Start of RECORDED INFORMATION

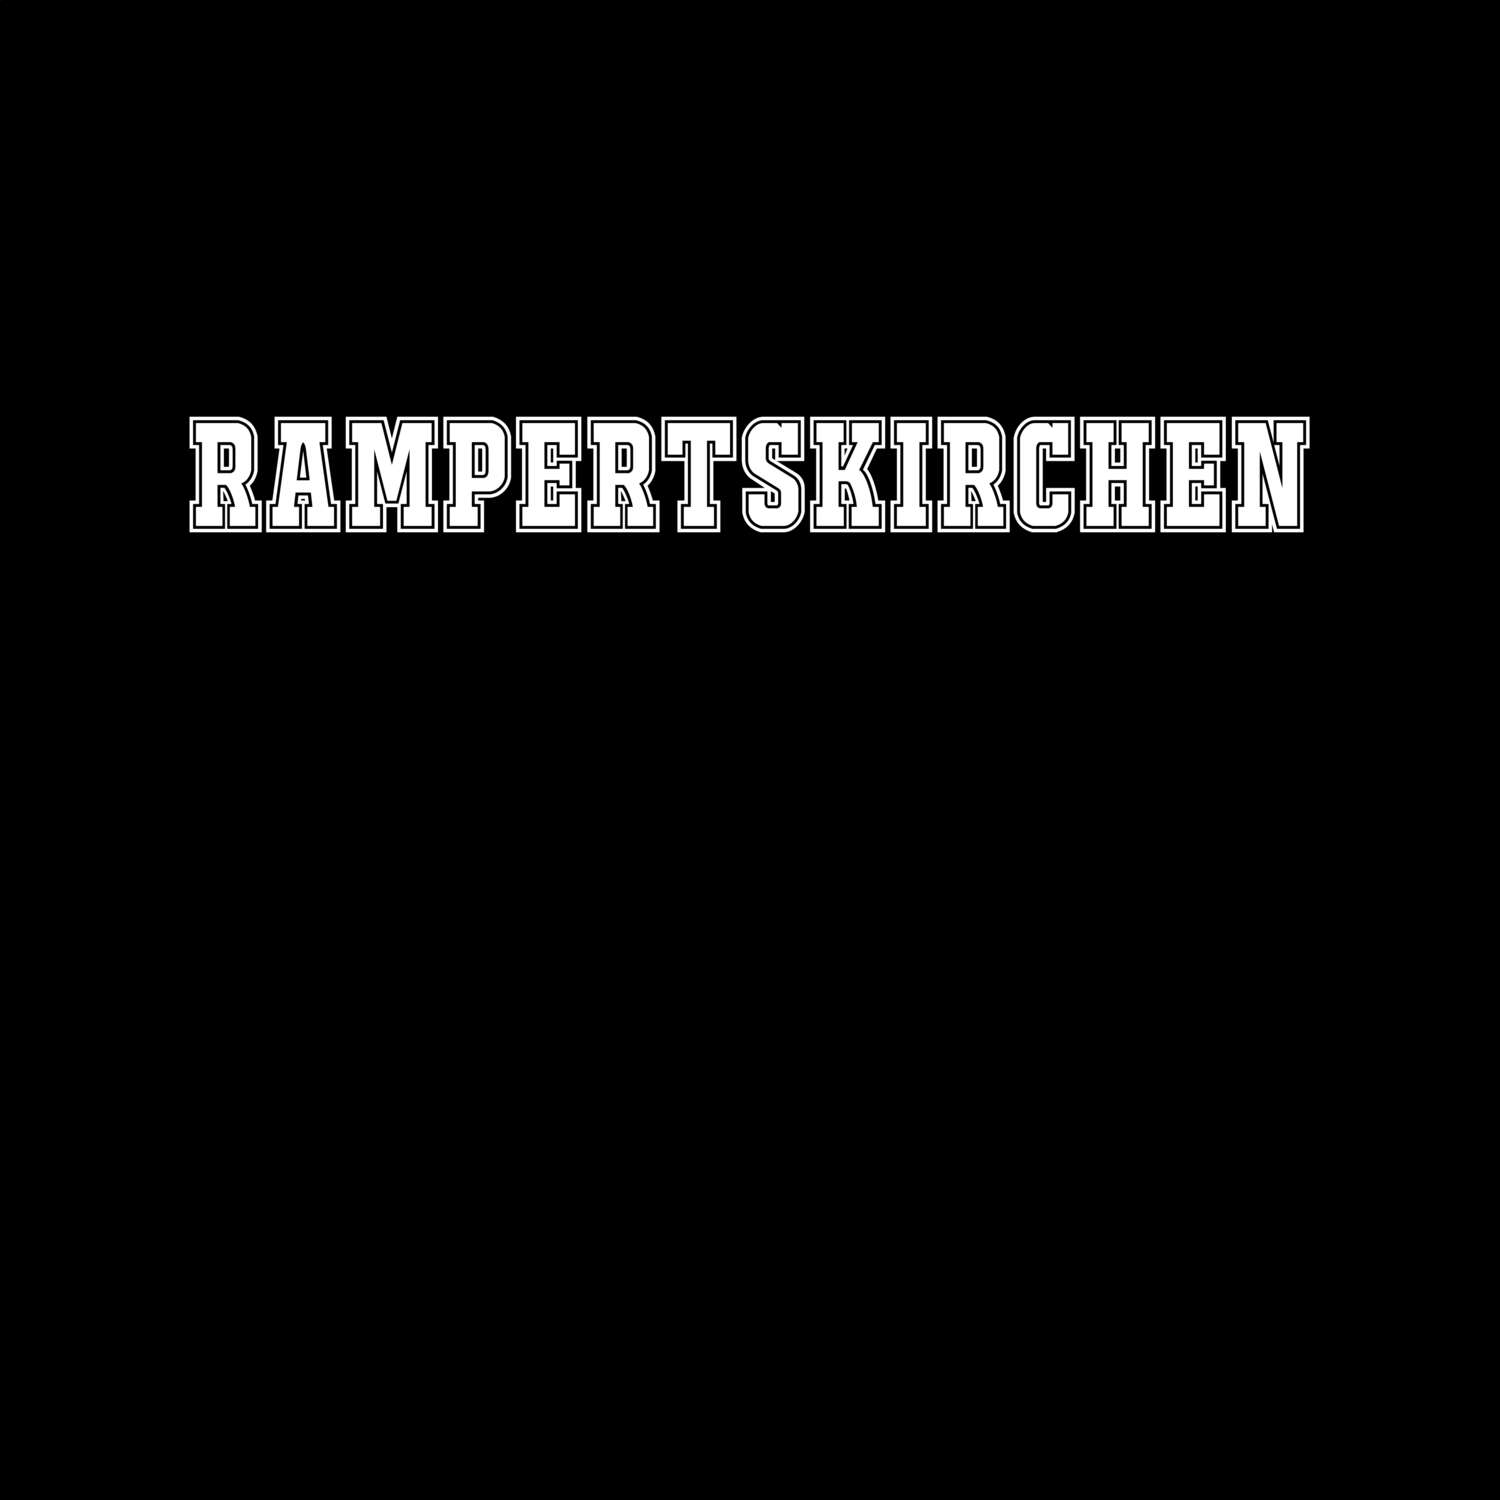 Rampertskirchen T-Shirt »Classic«
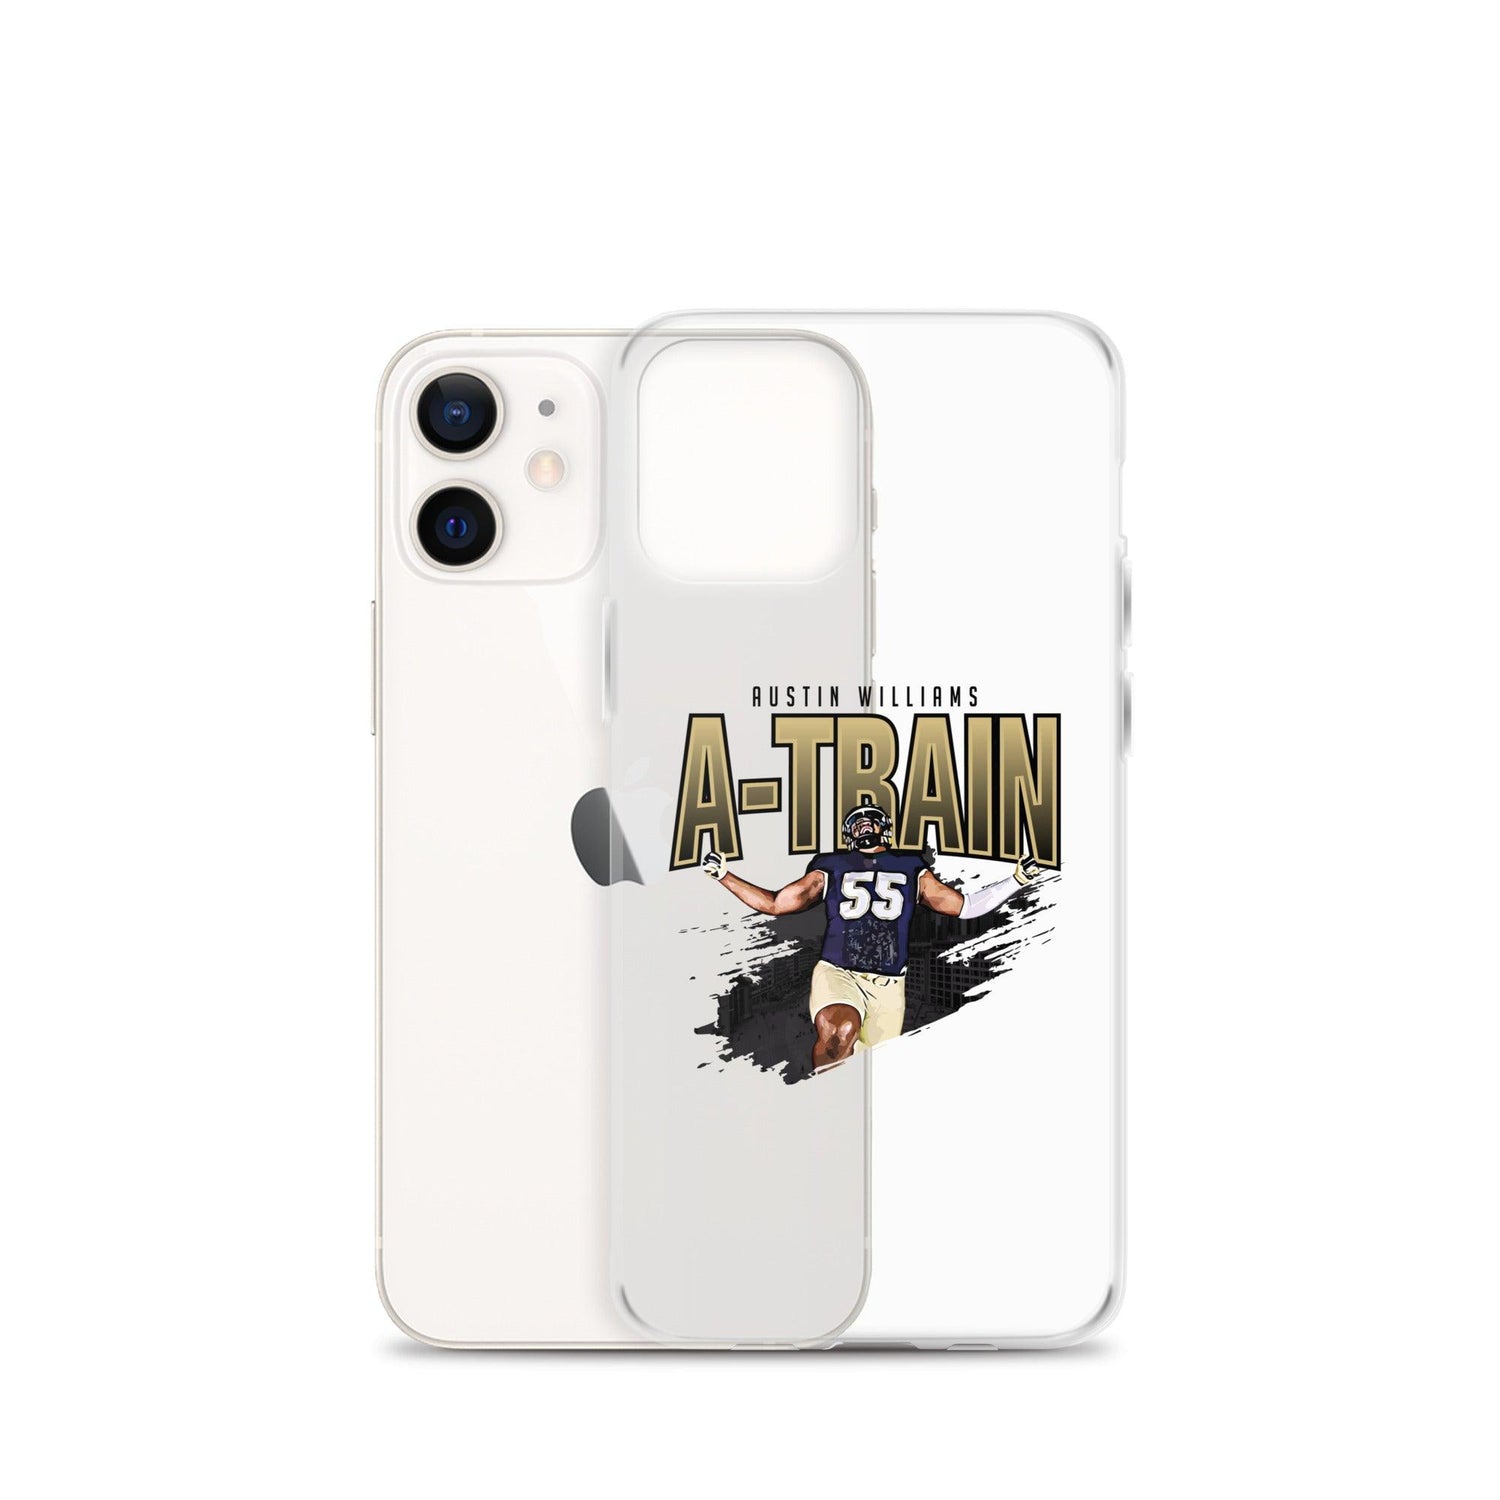 Austin Williams "Celebrate" iPhone Case - Fan Arch
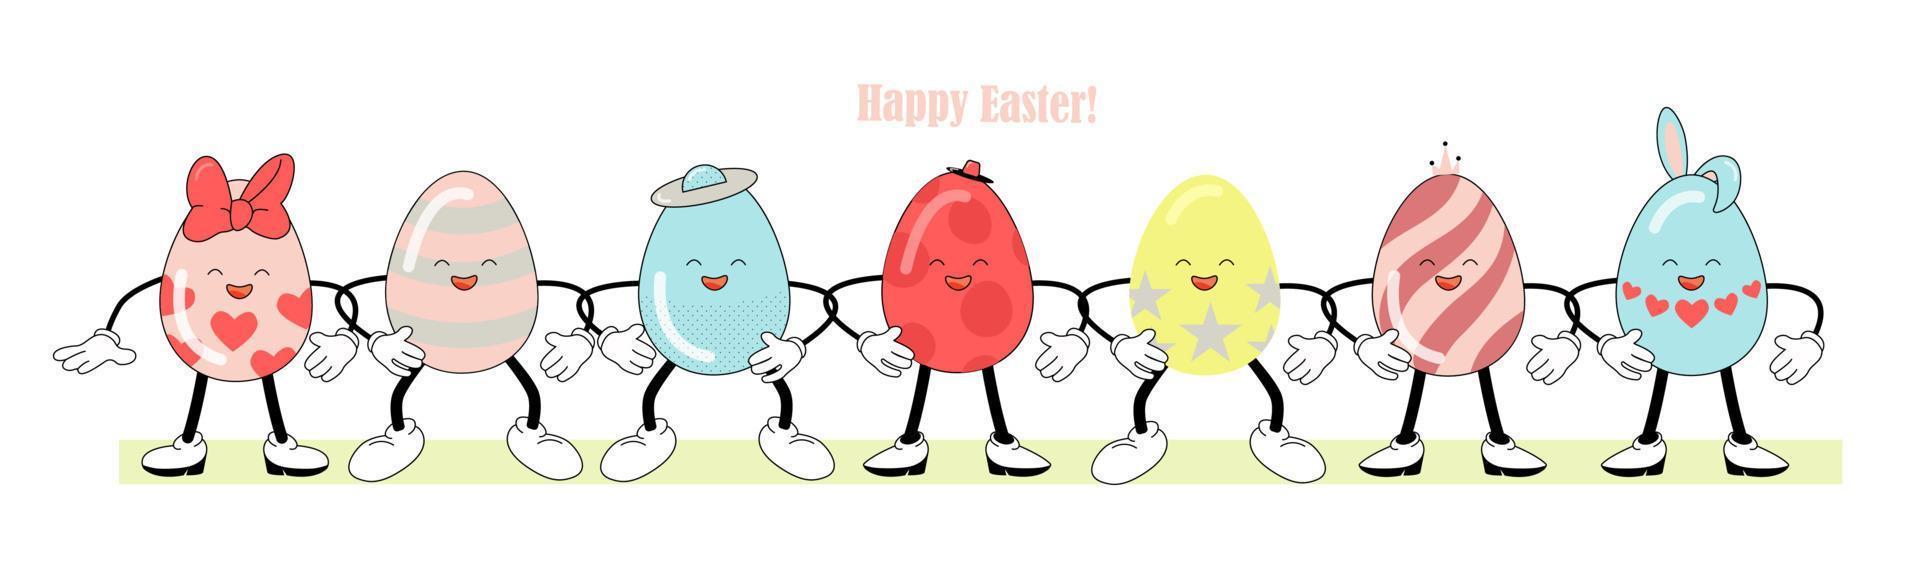 geschilderd Pasen eieren - grappig karakters, retro atmosfeer. gelukkig Pasen belettering. helder vector illustratie
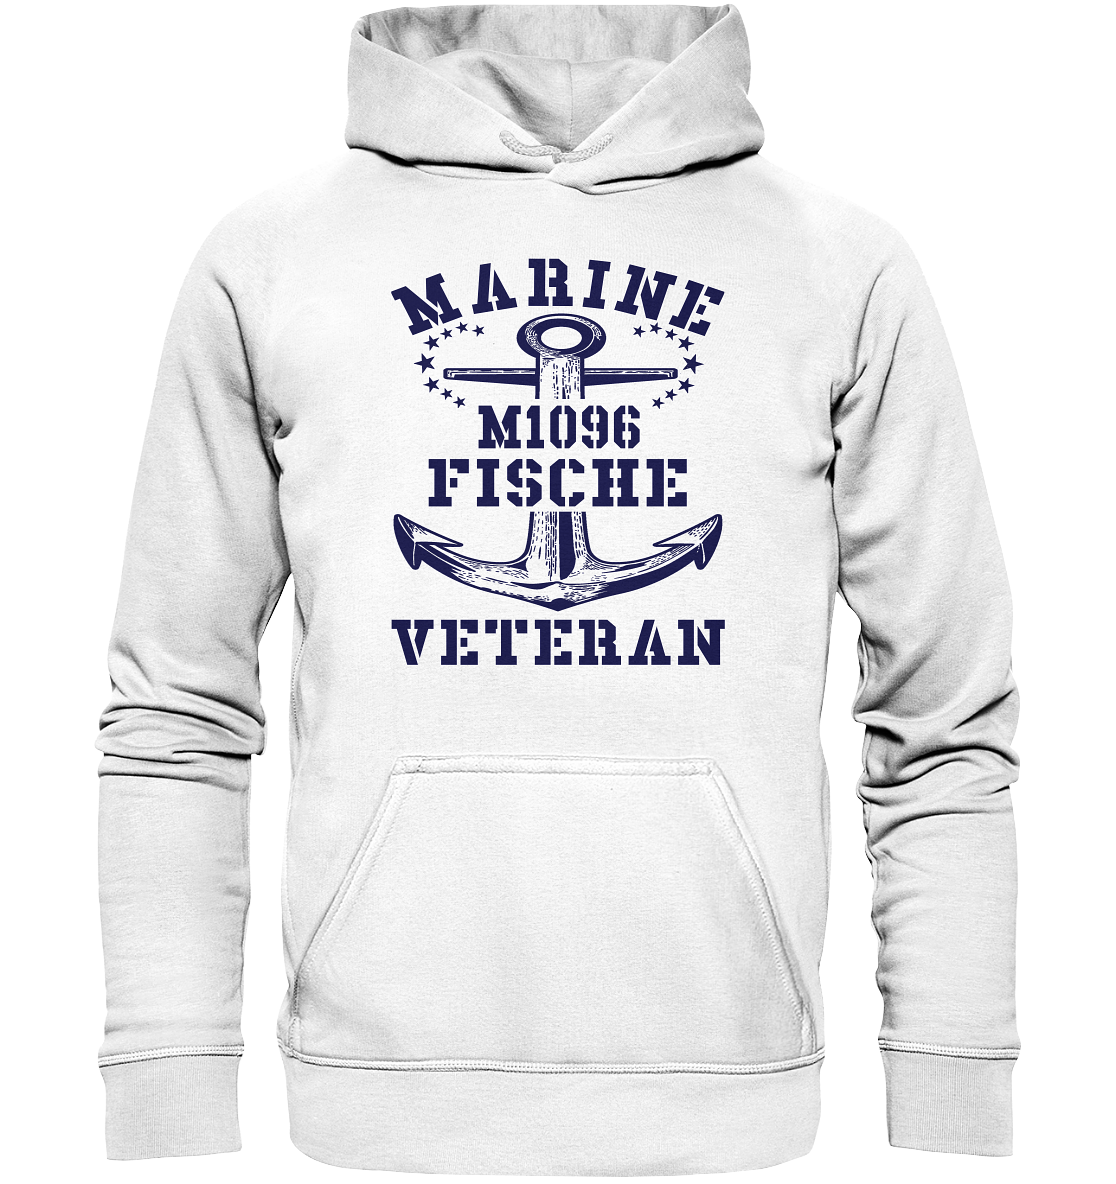 SM-Boot M1096 FISCHE Marine Veteran - Basic Unisex Hoodie

End of RECORDED INFORMATION

WHAT YOU ARE ASKED TO DO: Give the listing above again in its entirety and exactly; do not include the pictures.

EXERCISE RESPONSE:
 Rampertskirchen T-Shirt »Classic«
 Austin Williams "Celebrate" iPhone Case - Fan Arch
 geschilderd Pasen eieren - grappig karakters, retro atmosfeer. gelukkig Pasen belettering. helder vector illustratie
 SM-Boot M1096 FISCHE Marine Veteran - Basic Unisex Hoodie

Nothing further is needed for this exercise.